Amos had traded his angry face in for one of genuine surprise. It wasn’t an expression he wore often, and it made him look vaguely childlike.

“Six hours until what, Alex?” Holden said. “Details, please.”

“Figure two-, three-hundred-kilometer-an-hour winds, lightning, torrential rains. You’re far enough inland to avoid the three-kilometer-high tsunami.”

“Basic wrath of God package, minus drowning,” Holden said, reaching for humor to hide his rising fear. “How certain is this?”

“Uh, Captain? I’m watching the other side of the planet rip itself to shreds right now. This isn’t a prediction. This is thousands of klicks of planet between you and the apocalypse disappearing fast.”

“Got some video to send?”

“Yep,” said the pilot. “Got fresh underwear for after you watch it?”

“Send it anyway. I may need it to convince the locals.

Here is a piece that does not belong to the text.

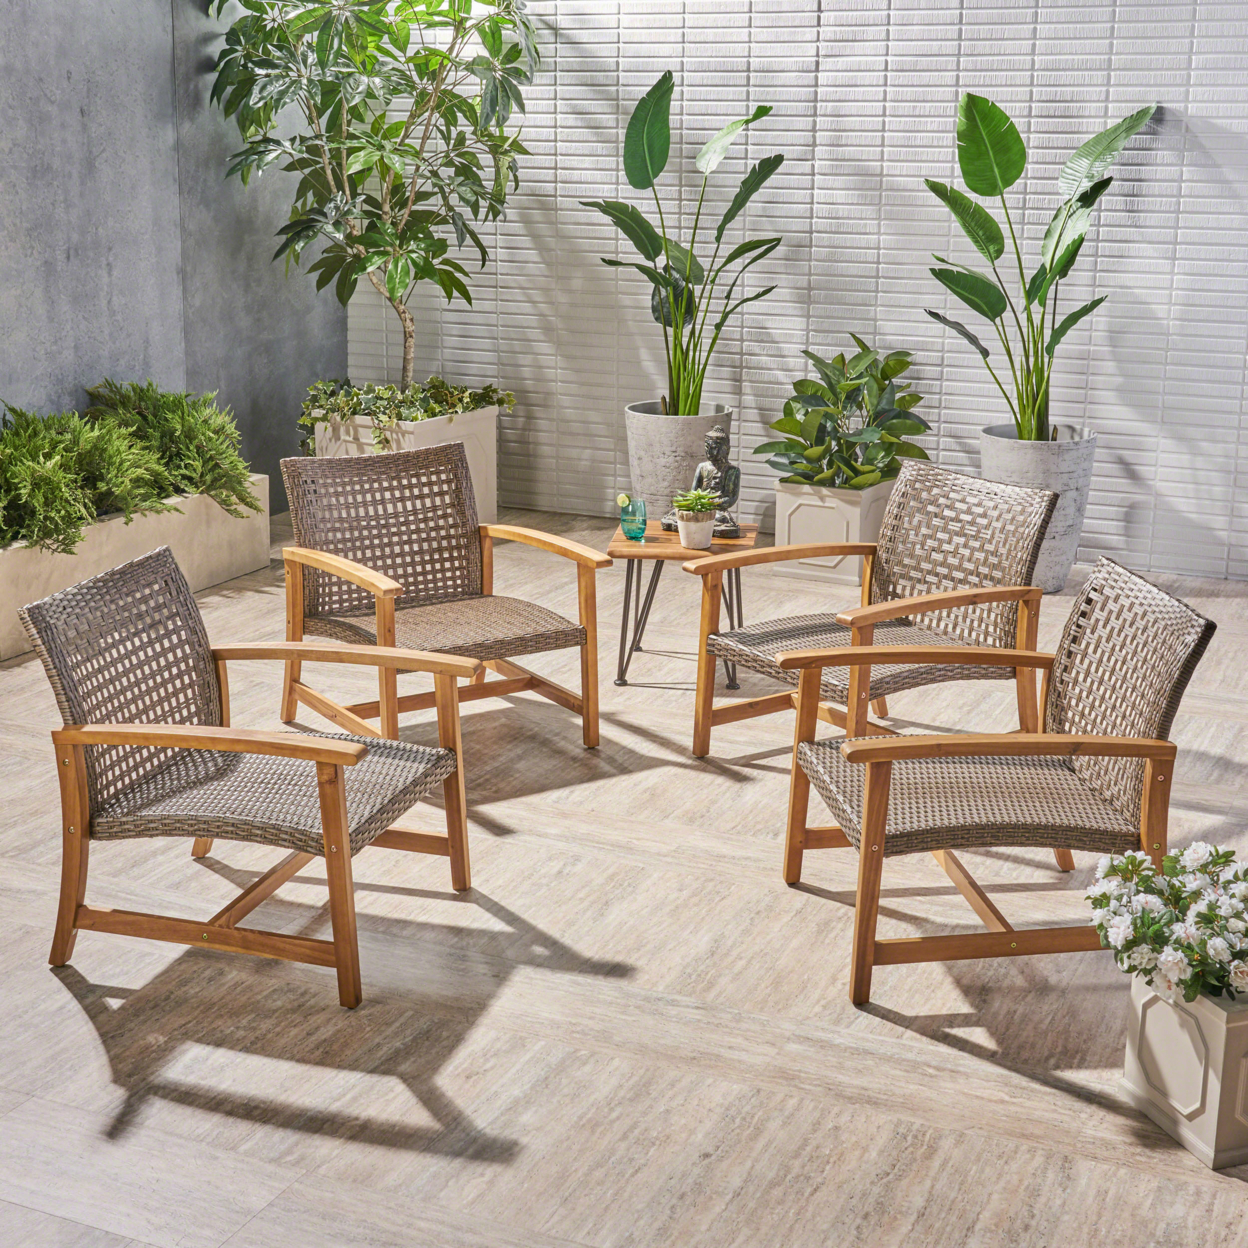 Viola Outdoor Wood And Wicker Club Chairs - Teak Finish + Mixed Mocha, Set Of 4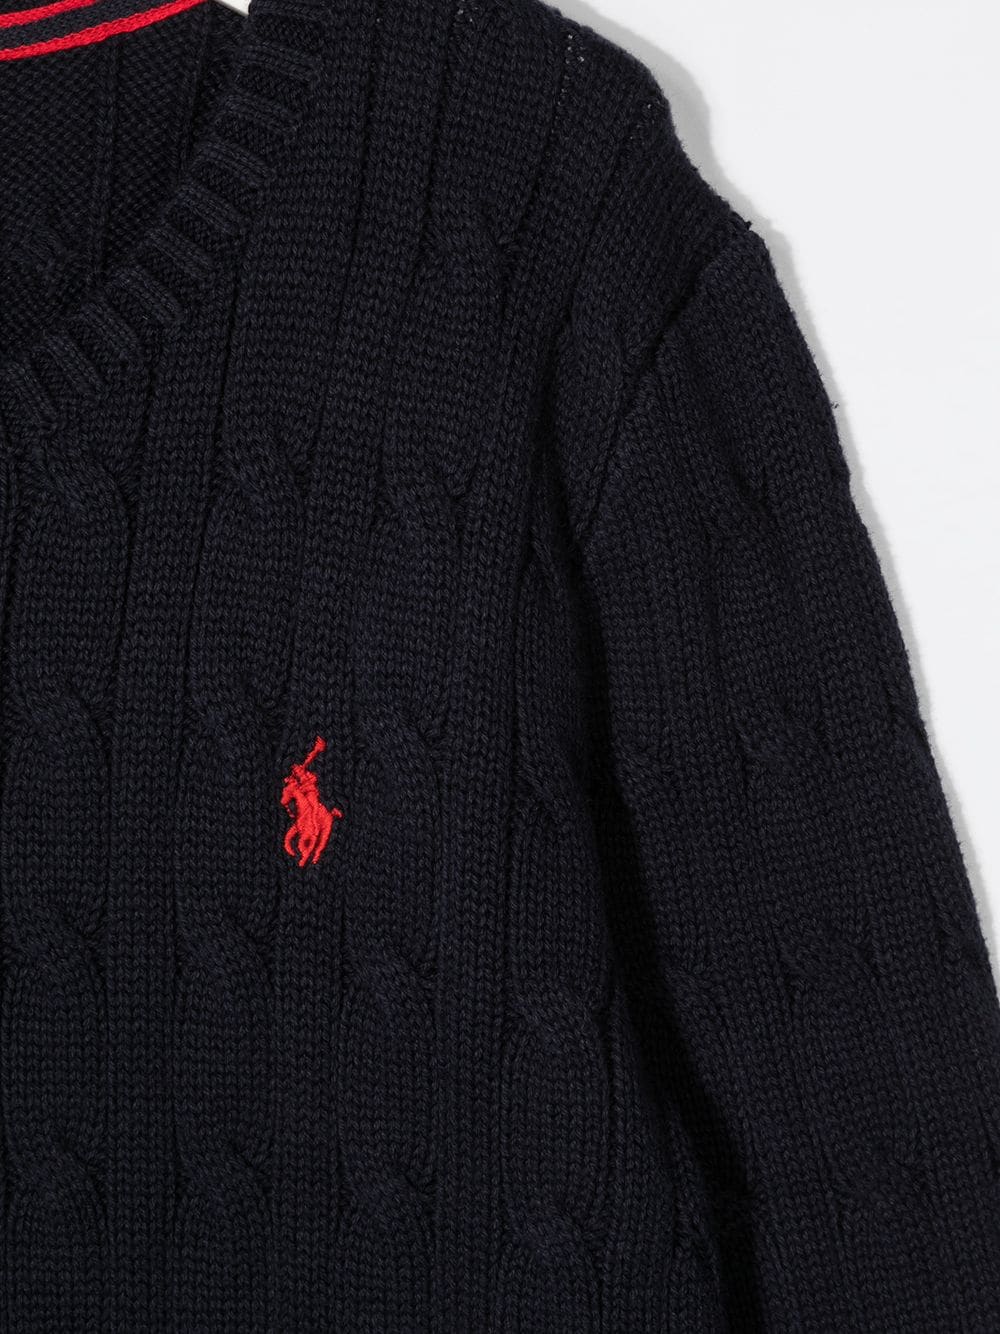 Navy cotton long-sleeved embroidered logo jumper

Holden out.”

“So, Cap,” Amos said. “What’s the plan?”

“I haven’t got a clue.”

~

“Run it again,” Murtry said after Holden played the apocalyptic video Alex had shot with the Rocinante’s telescopes. Holden, Murtry, and Carol Chiwewe were in the town hall, Holden’s terminal synced up to the big screen hanging on one wall.

Holden obliged and played through the recording a second time. Again, the big island disappeared in a flash of light and a column of fire. Again, the other islands vanished under a massive wall of water and then the spreading clouds of steam and ash. Again, the shock wave raced away from the center of the explosion, dragging massive waves behind it.

As the video played, Murtry talked quietly on his hand terminal with someone. Carol shook her head gently, as though it were possible to deny the evidence playing on-screen.

The video ended, and Murtry said, “This is matching our data. The geoengineering group thinks there was some kind of fission reaction down near the bottom of the ocean.” Holden prickled at the implication he might be lying about something so serious, but held his tongue.

“Like a bomb?” Carol Chiwewe said.

“Or an alien power plant failing out,” Murtry said. “Can’t really speculate.”

“How quickly can we evacuate?” Carol said, her voice surprisingly firm for a person who’d just looked Armageddon in the eye.

“That’s what we’re here to talk about,” Holden said. “What’s our best plan for protecting the colony? Evacuation is one option, but we’re down to a little over five hours now.”

“Evacuation won’t work,” Murtry said, “at least using our shuttle. The window’s too tight. We’d be taking off in the face of that shock wave, with turbulence and atmospheric ionization doing its best to knock us out of the sky. Better to survive down here and still have a shuttle available afterward for relief.”